The goal of the student-led lectures is for you to develop your skills in analyze and present cutting-edge research in computer vision. Each student/team will lead one week's lectures on one computer vision topic.
This effort will constitute 30% of your total class grade. Your grade for this effort will be calculated as follows:>
For the paper proposal, you and your teammate you should:
Identify 4-6 candidate papers that were recently published at a premiere computer vision conference (e.g., CVPR, ICCV, ECCV) on your topic. Two of these papers will be assigned as required readings, with one needing to be about a specific dataset challenge and the other about a computer vision model.
Select a 30 minute time slot that works for all group members to meet with the instructor to discuss which papers to cover during the presentation. Available time slots will be posted via Canvas. This meeting must be at least two weeks prior to your first lecture.

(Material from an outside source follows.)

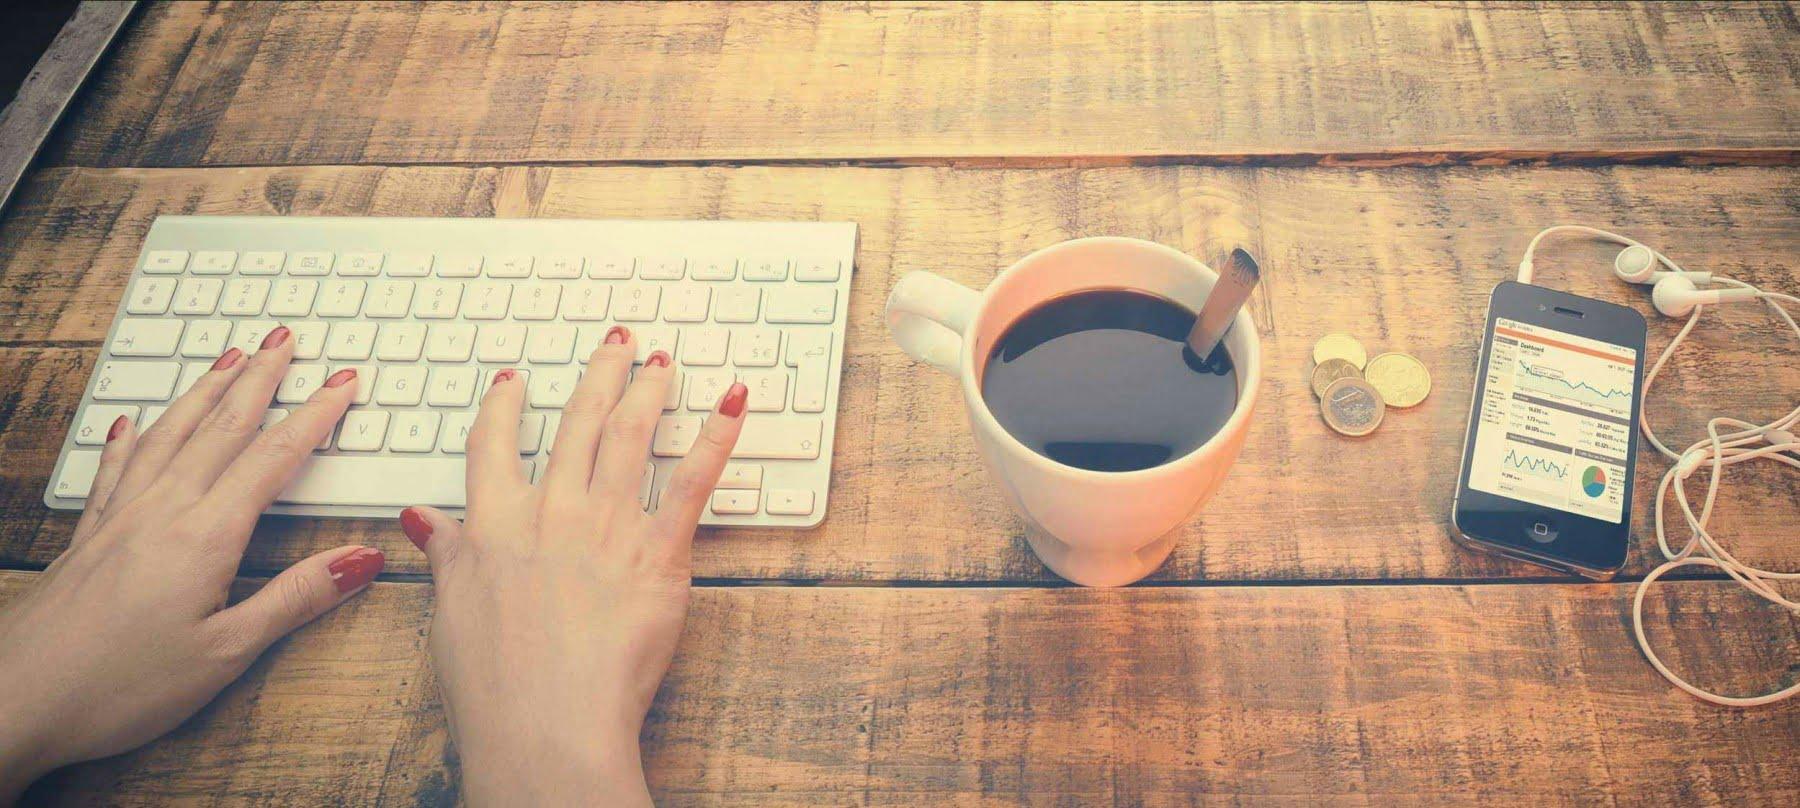 Blog interne : quelles techniques pour rendre son blog visible sur Google ?

Email the candidate papers to the instructor at least 72 hours in advance of the meeting.
Presentation Review
The presentation review is a chance to review the slide decks for both lectures and resolve any open questions. Expected content for each lecture is outlined in the next two sections. For this presentation review, you will be expected to:
Select a 30 minute time slot that works for all group members to meet with the instructor to review the lecture slides for both lectures. Available time slots will be posted via Canvas. This meeting must be at least one week prior to your first lecture.

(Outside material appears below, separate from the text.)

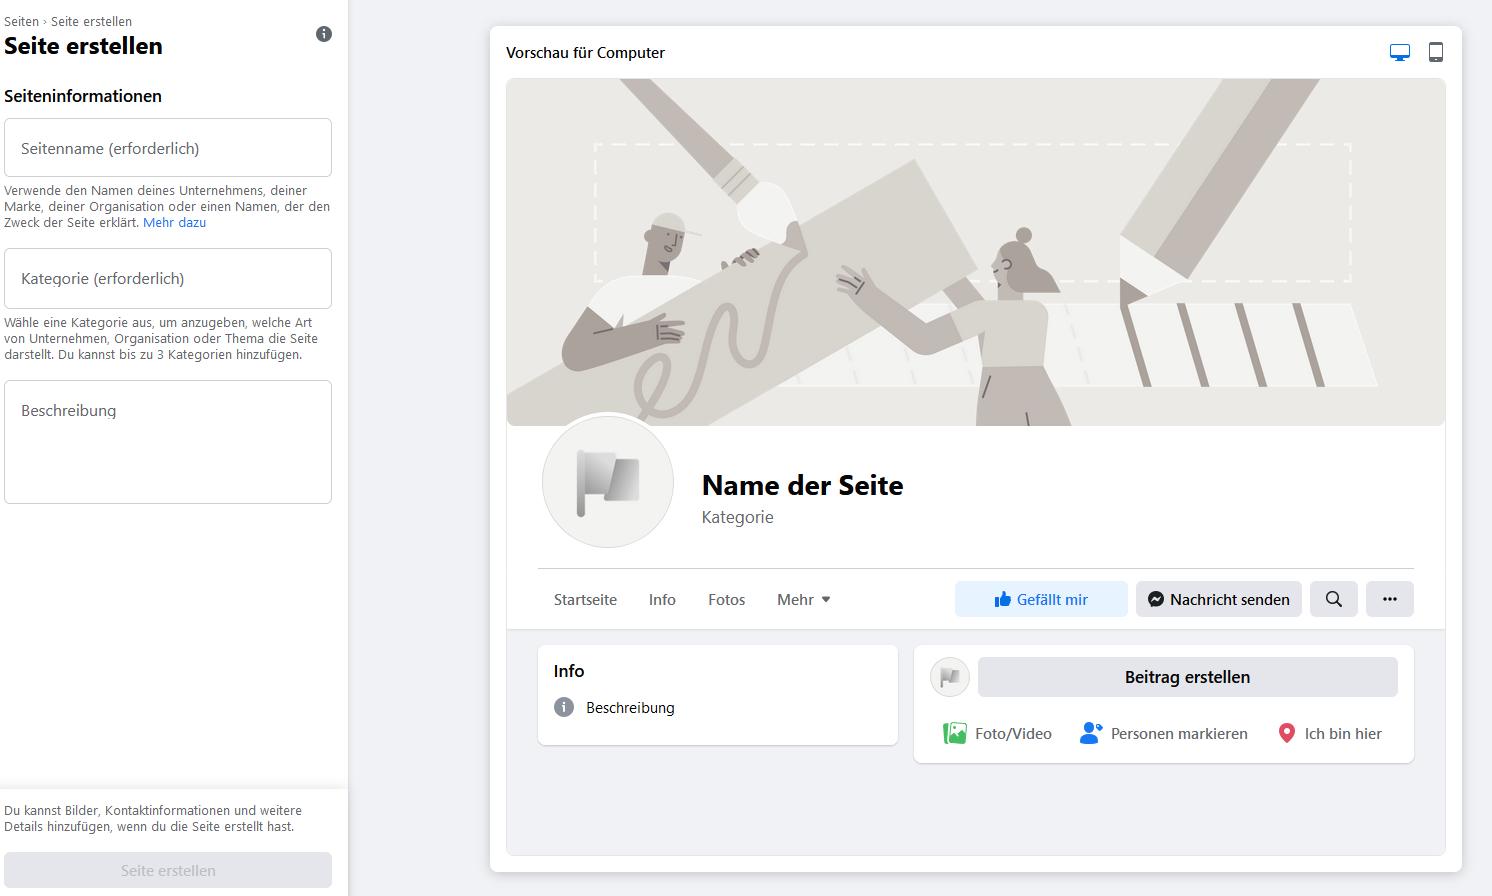 Facebook Unternehmensseite erstellen - Seite erstellen

Email the lecture slides to the instructor at least 72 hours in advance of the meeting.
Lecture 1
The first lecture should include a 45-minute presentation that: (i) defines the problem, (ii) motivates the practical importance of solving this problem with a computer vision solution (i.e., applications that can/do benefit society), (iii) describes 1-2 existing datasets used to track progress on this problem, and (iv) describes metric(s) used to evaluate the performance of computer vision models. Then, the lecture will conclude with a facilitated class discussion about the merits and limitations of existing community-shared datasets and evaluation metrics, organized by the instructor around the questions and discussion points submitted by all students. If materials from outside sources are included in the presentations (for example, specific figures or slides), proper credit MUST be given.
Lecture 2
The second lecture should include a 45-minute presentation that describes at least two papers that each introduce a computer vision model. The presentation should cover: (i) the novelty claims of each paper, (ii) mechanisms used to validate the claims, and (iii) open technical questions/problems. Optionally, this lecture can also include a programming tutorial and/or demo. Then, the lecture will conclude with a facilitated class discussion about the merits and limitations of existing computer vision models, organized by the instructor around the questions and discussion points submitted by all students. If materials from outside sources are included in the presentations (for example, specific figures or slides), proper credit MUST be given.